Your task: Print, exactly as they appear in the listing below, the lines from the line with "BRAVIA 電視截圖展示《戰神：諸神黃昏》的畫面，背景為一艘在河上漂流的小船和橋樑，電視右邊擺放著 PS5™" to the line with "专肽生物产品Biotin-A", with both end lines kept.

Record excerpts:
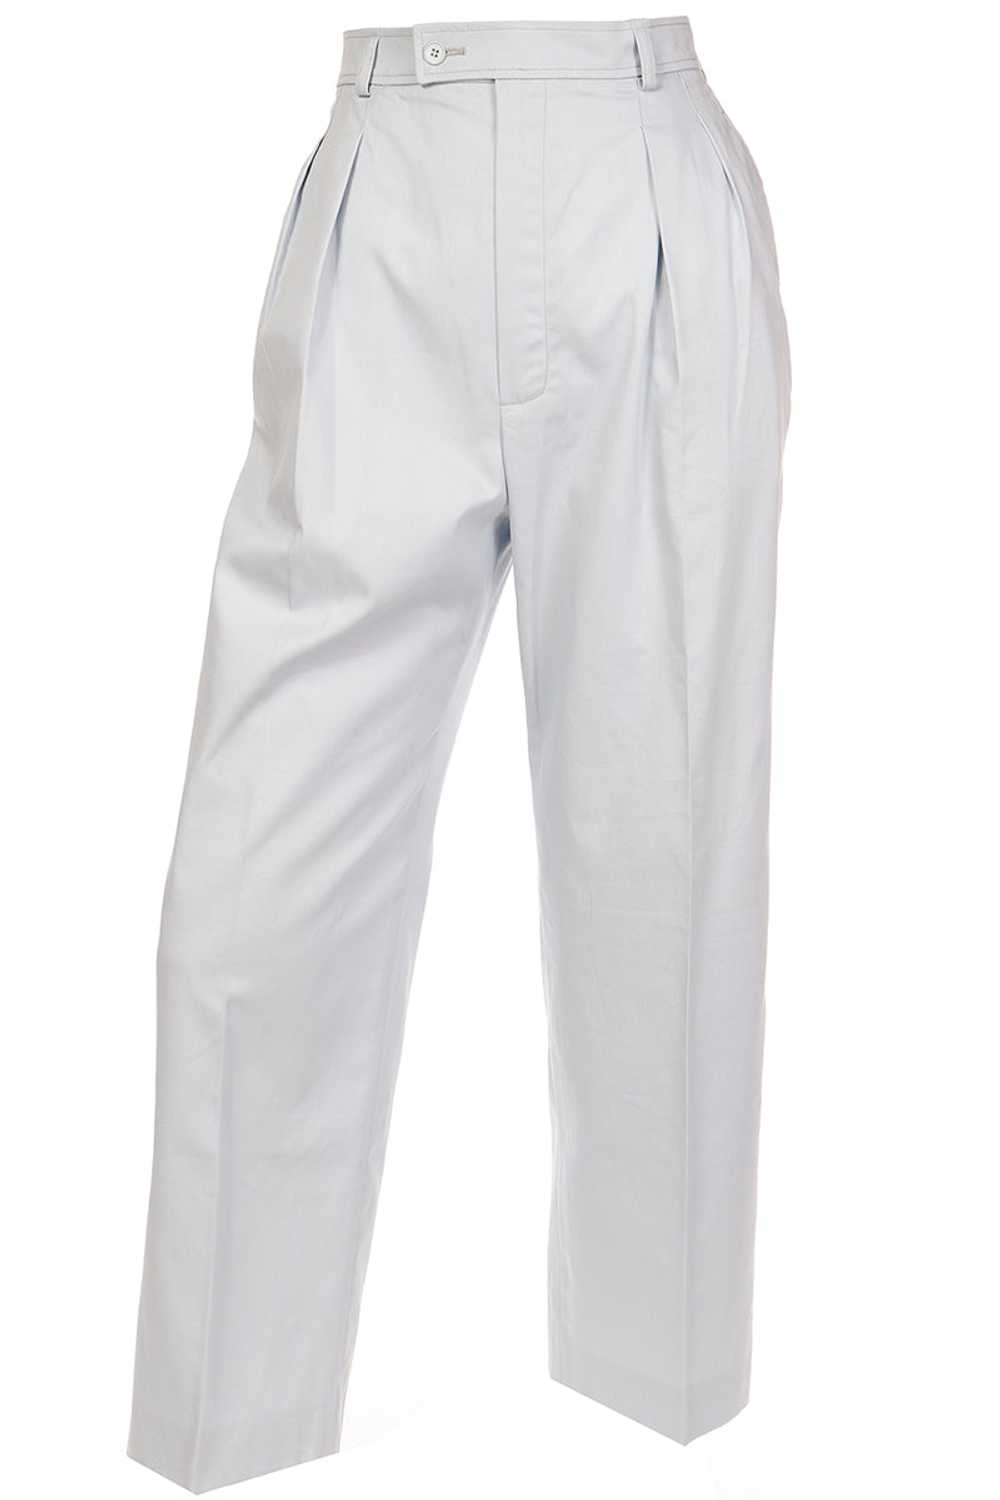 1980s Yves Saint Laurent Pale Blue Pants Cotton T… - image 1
==
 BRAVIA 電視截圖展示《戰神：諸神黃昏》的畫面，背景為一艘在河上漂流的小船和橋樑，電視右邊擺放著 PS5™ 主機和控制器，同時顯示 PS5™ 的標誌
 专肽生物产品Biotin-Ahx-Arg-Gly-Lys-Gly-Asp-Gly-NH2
--
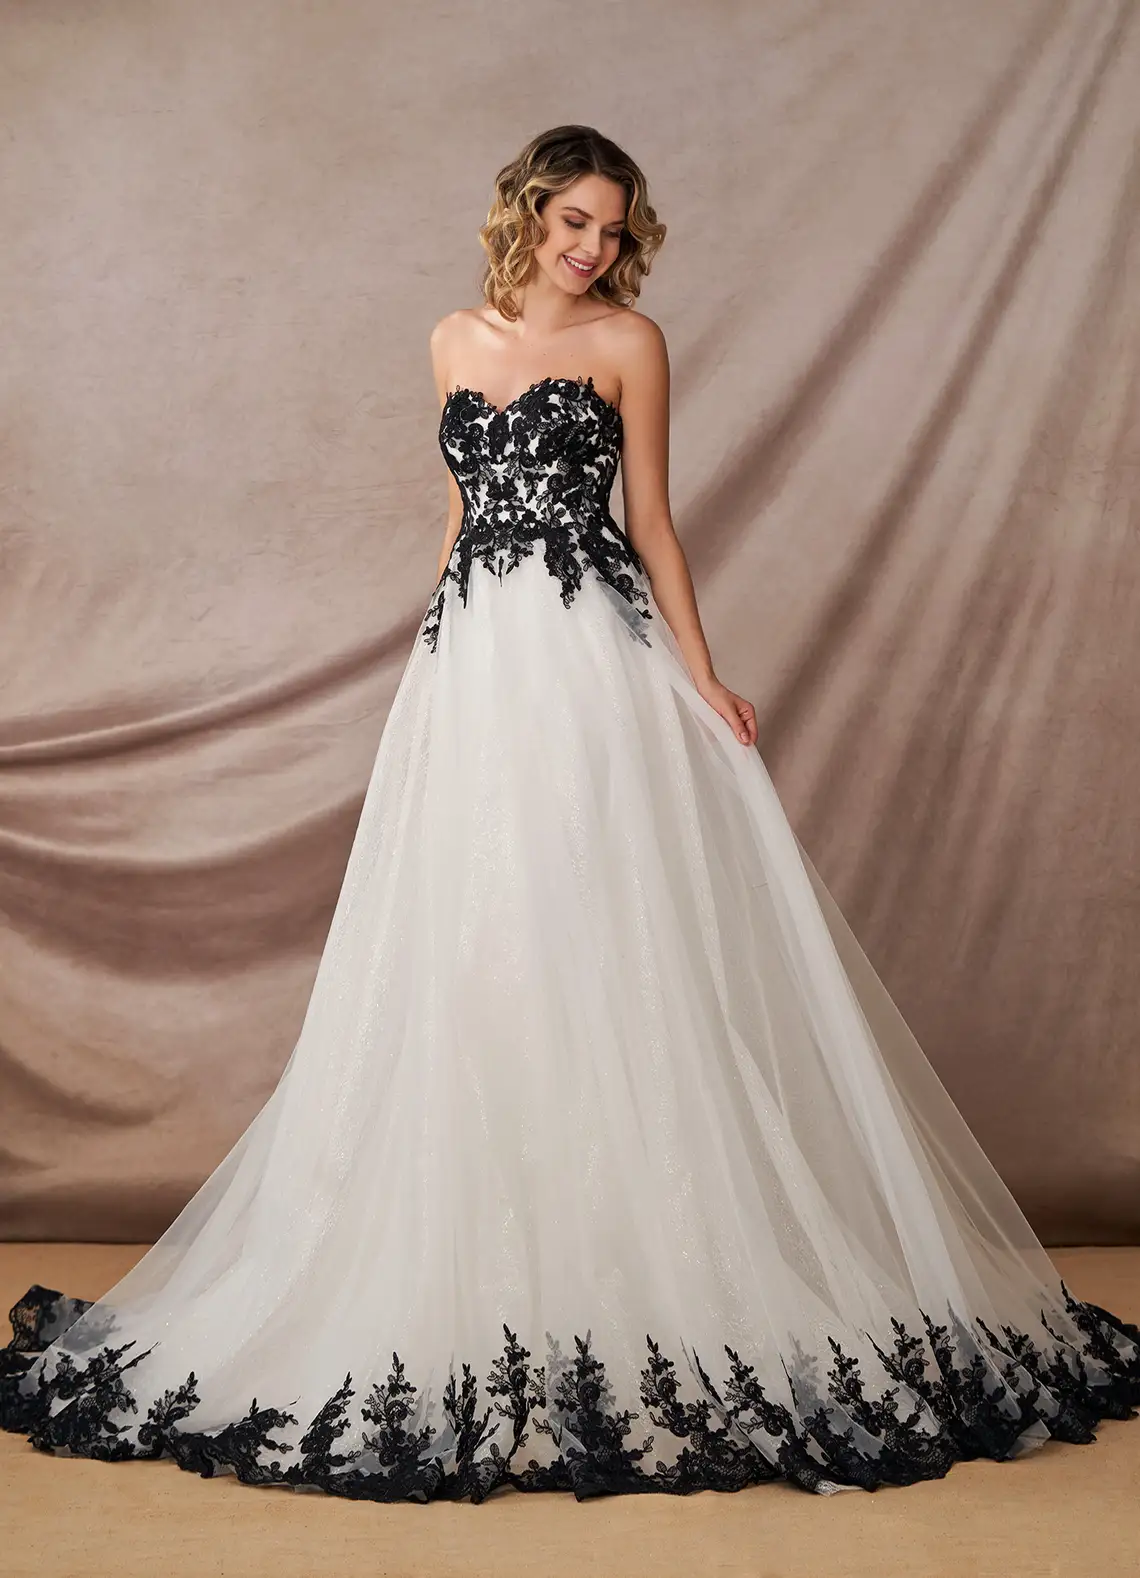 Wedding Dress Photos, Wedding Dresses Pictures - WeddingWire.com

Result below:
 BRAVIA 電視截圖展示《戰神：諸神黃昏》的畫面，背景為一艘在河上漂流的小船和橋樑，電視右邊擺放著 PS5™ 主機和控制器，同時顯示 PS5™ 的標誌
 专肽生物产品Biotin-Ahx-Arg-Gly-Lys-Gly-Asp-Gly-NH2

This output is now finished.